明治後半より藍はインドからの沈殿藍とヨーロッパからの合成藍の輸入が増え、阿波藍の製造量は激減していった。塩は1955(昭和30)年ごろに新たな製造方法が確立され、政府による塩田整備が行われるなどし、1972(昭和47)年には鳴門の全ての塩田が閉鎖。和三盆は戦前、一般の砂糖として利用されていたが、明治時代に台湾を統治するようになると、安価な台湾産砂糖が流入し、生産業者は激減した。各種商品作物が衰退。各地の阿波商人は業種転換と現地との同化により、徳島との交流も減少した。徳島県経済は衰退し、最盛期で20軒程度あった料亭も今では1軒を残すのみとなっている。

徳島が育んだ料亭文化を復活させ、観光に生かせないか、徳島の観光の現状と訪日外国人の消費動向について考察する。

4.徳島県の観光の現状と外国人観光客の消費動向

(1)徳島県の観光の現状

徳島県は観光に関して全国でも低位にある。阿波踊りは4日間だけの開催であり、その期間は120万人程度の観光客が来るが、継続性がない。阿波踊り以外にも、コンテンツはあるが、関西圏及び四国のその他の県まで2時間弱とアクセスがいいため、徳島で遊んで県外で泊まるという観光客が多いのも宿泊者数最下位の一因となっている。

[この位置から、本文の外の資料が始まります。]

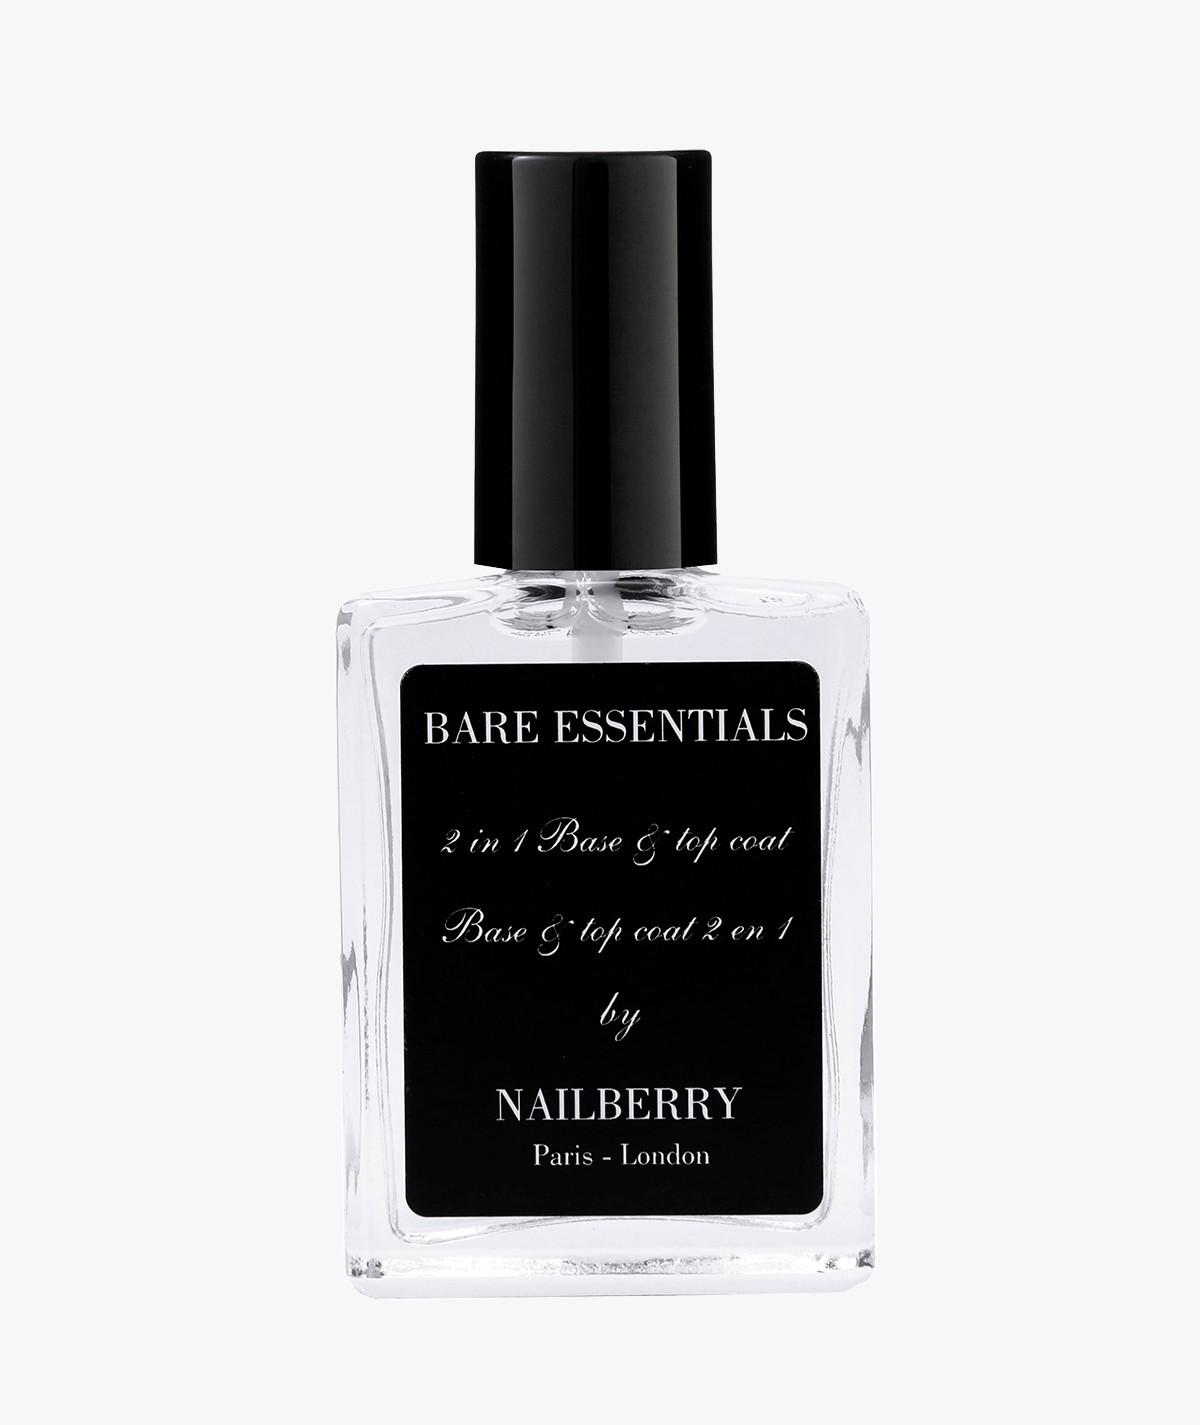 Nailberry Bare Essentials

出典:観光庁 訪日外国人消費動向調査(2018年)宿泊旅行統計(2017年)

ブランド総合研究所 魅力度ランキング(2018年)

(2)外国人観光客の消費動向

訪日外国人の観光目的は数年前までは「爆買い」との言葉が流行ったように、買い物を目的にすることが多かったが。2018年の調査では、「日本食を食べること」を目的とする観光客が最も多い。訪日外国人の消費支出の内、買い物代金が一番大きいが、宿泊費・飲食費の割合も大きいことが分かる。また徳島の旅行客一人当たりの旅行支出も全国平均の半分程度となっている。観光客が徳島に来て、食事をしてもらい、泊まってもらうことが必要である。買い物代の費用別購入率を見たところ、7割近くの人が菓子類をお土産に買っている。お土産に出来る菓子は一人当たり旅行支出の底上げに必要である。

出典:観光庁 訪日外国人消費動向調査(2018年)

外国人観光客が日本に来て期待していること1位である「日本食」を目玉とすることで観光客の増加を図る。日本食を夕食として食べることで、宿泊者数の増加も期待することができる。観光消費額の最大化を図るには、宿泊・飲食・お土産が重要である。その具体的な施策について考察する。

5.徳島県に料亭の復活を

徳島に残る和食文化を活かし、徳島の料亭を復活させる。料亭では「その為に旅行する価値のある卓越した料理」を提供する必要がある。

(1)食材

2018年の農林水産統計を見てみると野菜の産出量は18位、果物の産出額は21位と上位に位置するが、漁獲高は35位と下位となっている。一方で、徳島県産品はミシュラン獲得店で多く使われている。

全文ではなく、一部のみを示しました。